Hash learned today. I have not understood the truth yet. I have time to summarize the knowledge points tomorrow. Today I will write a summary report!
Question:
Determine whether two identical snowflakes exist in n (n <100000) snowflake. Each snowflake has 6 horns and each angle has a length limit of 1000000
Conditions where two pieces of Snowflake are equal:
The length of the six snow angles is equal in order (this order can be clockwise or counterclockwise)
Solution:
Hash:Join Addition MethodEvaluate the key value,Link address MethodResolve conflicts,Join Addition MethodIt is easy to calculate the key value. The link address method can be used in C ++ to solve conflicts, and the vector container can be easily implemented.

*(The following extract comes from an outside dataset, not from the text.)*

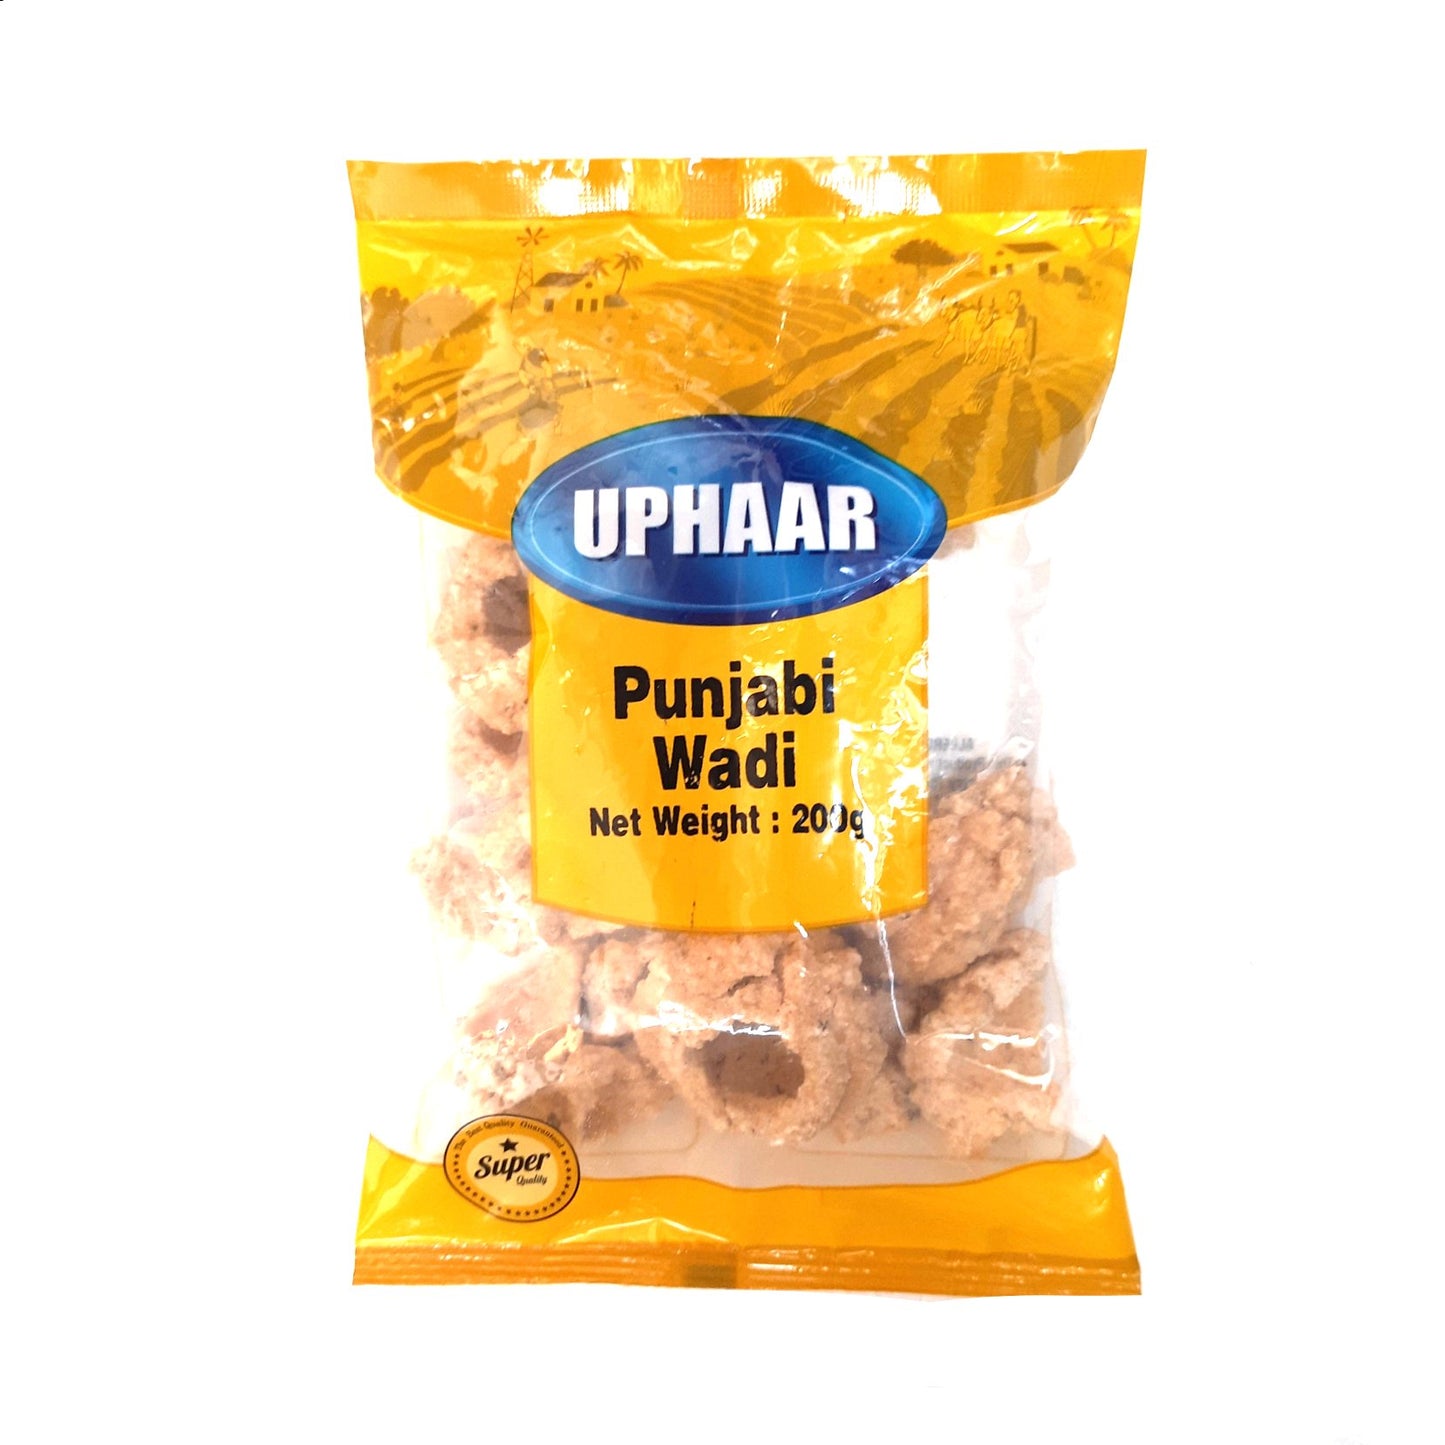 Uphaar Punjabi Vadi 200g

Next we will first introduce the vector container: (in fact, today we are also the first to contact the vector container)
1. Basic operations
(1) header file # include <vector>.
(2) create a vector object, vector <int> VEC;
(3) Insert numbers at the end: Vec. push_back ();
(4) use a subscript to access the element. cout <VEC [0] <Endl; remember that the subscript starts from 0.
(5) use an iterator to access elements.
vector<int>::iterator it;for(it=vec.begin();it!=vec.end();it++) cout<<*it<<endl;
(6) Insert element: Vec. insert (VEC. Begin () + I, a); insert a before the I + 1 element;
(7) delete element: Vec. Erase (VEC. Begin () + 2); Delete 3rd Elements
VEC. Erase (VEC. Begin () + I, VEC. End () + J); Delete interval [I, J-1]; interval starts from 0
(8) vector size: Vec. Size ();
(9) clear: Vec. Clear ();
Specific ideas:
Only when the two pieces of snowflake have the same key value can the two pieces of snowflake be the same.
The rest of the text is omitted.